Książki są grubaśne, oj wiem, jak słuchałam ich w audiobooku, to tylko jakieś 60 godzin, no luzik... Nie ale serio nie zniechęcajcie się tym, że są tak grubaśne, bo gwarantuje wam, że jak już w nie wciągnięcie, to naprawdę szybko będą wam uciekać te strony i jeszcze będziecie chcieli więcej. Najbardziej z całej serii podobał mi się drugi i trzeci tom (tak, te najgrubsze hihihi).

Za co kocham tą serie? Za wykreowany świat. Uwielbiam dobrze stworzone światy, które się wydają tak realne i tak rzeczywiste i aż człowiek chciał by w nich żyć. Za fabułę i wydarzenia. Dreszczyk emocji, zapierające w dech akcje, rollercoaster emocjonalny, co tylko sobie zażyczysz. Za bohaterów. Wszyscy byli świetnie wykreowani, mieli swoje dobrze zarysowane charaktery i odznaczali się na tle innych. O matko Ryshand, moja ty miłości wielka, uwielbiam cię pod niebiosa!

Tom czwarty czy tam trzy i pół (ta numeracja w tej serii jest mega porypana) jest najcieńszy tom z całej serii i zdecydowanie najspokojniejszy i najlżejszy w czytaniu, jest to już krótka historia, nie posiadająca większej i głębokiej akcji, ale doskonale się sprawdza w postaci kaca książkowego, którego zdecydowanie ma się po pierwszych trzech książkach. Taka lekka i spokojna część jest świetnym rozwiązaniem po całym armagedonie, który dział się we wcześniejszych tomach. Taka na ochłonięcie i dla tych, którzy kurczowo trzymają się tej serii i nie chcą się z nią rozstać. Ten tom jest taki lekki i przyjemny, pozwala po raz kolejny wejrzeć w ten cudowny świat, otulić się znów tą historią jak ciepłym kocem, do którego dobrze się wraca.

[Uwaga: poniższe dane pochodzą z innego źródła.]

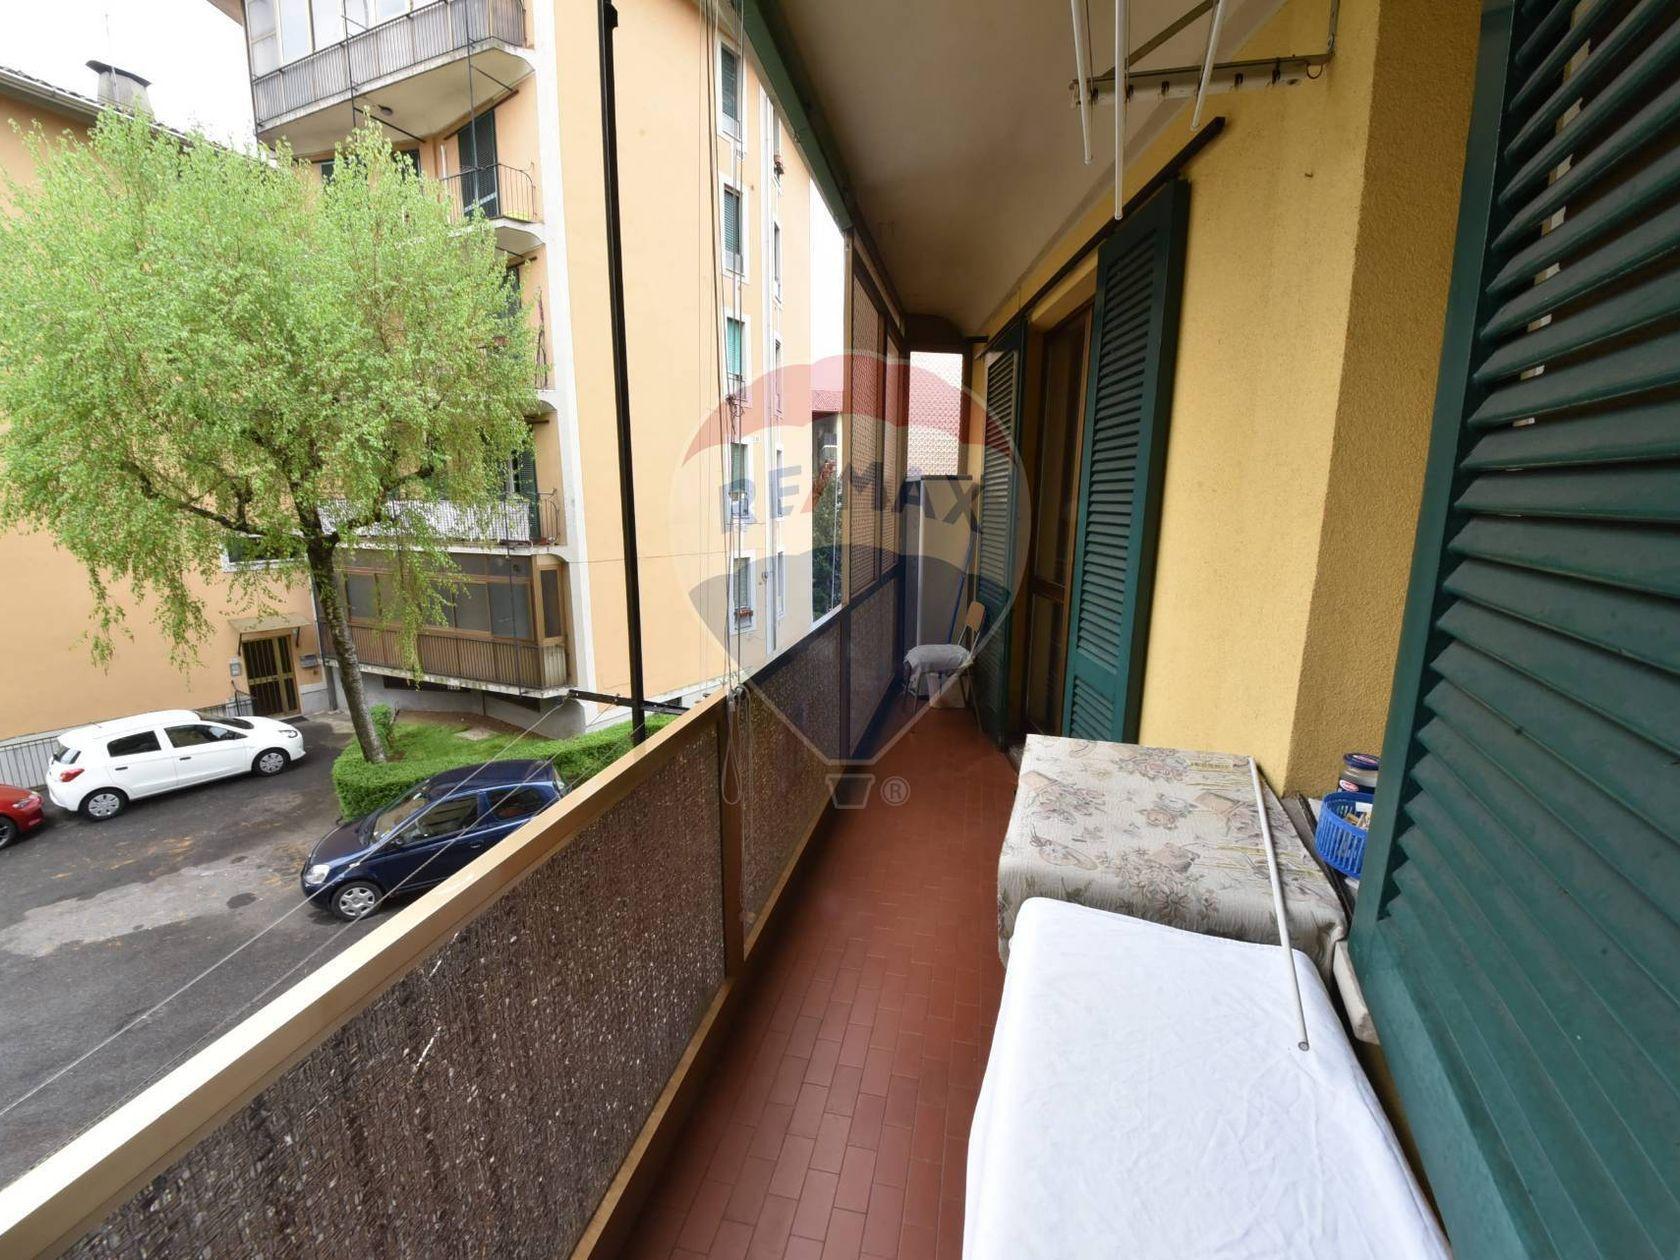 Appartamento S. Anna, Busto Arsizio, VA Vendita - Foto 14

Jeśli chodzi zaś o "Dwór srebrnych płomieni", który ma dwie części, to według spisu jest to kolejny tom serii, ale w sumie to nie do końca tak to wygląda, bo niby akcja dzieje się po wydarzeniach z wcześniejszych tomów, ale mamy inną główną bohaterkę wokół której toczy się akcja. Poznajcie Neste, siostrę głównej bohaterki z wcześniejszych tomów. Nesta pojawiała się drugoplanowo już od pierwszego tomu, lecz te dwie części są jej poświęcone już w pełni.

Kiedy czytałam pierwsze tomy serii, nie lubiłam Nesty, po prostu nie była bohaterką, która darzyłam sympatia, nic zaskakującego. Dlatego, kiedy zabierałam się za książkę, która wiedziałam, że jest cała o niej, miałam pewne wątpliwości, bo nie ukrywajmy, źle się czyta historie, kiedy nie lubicie głównego bohatera. Jednak wszelkie moje obawy i uprzedzenia były całkowicie bezpodstawne. Jak w pierwszych tomach o Fayrze, nie darzyłam Nesty sympatią, tutaj się do niej przekonałam i przewiązałam się do niej, w końcu darząc ją pozytywnymi emocjami.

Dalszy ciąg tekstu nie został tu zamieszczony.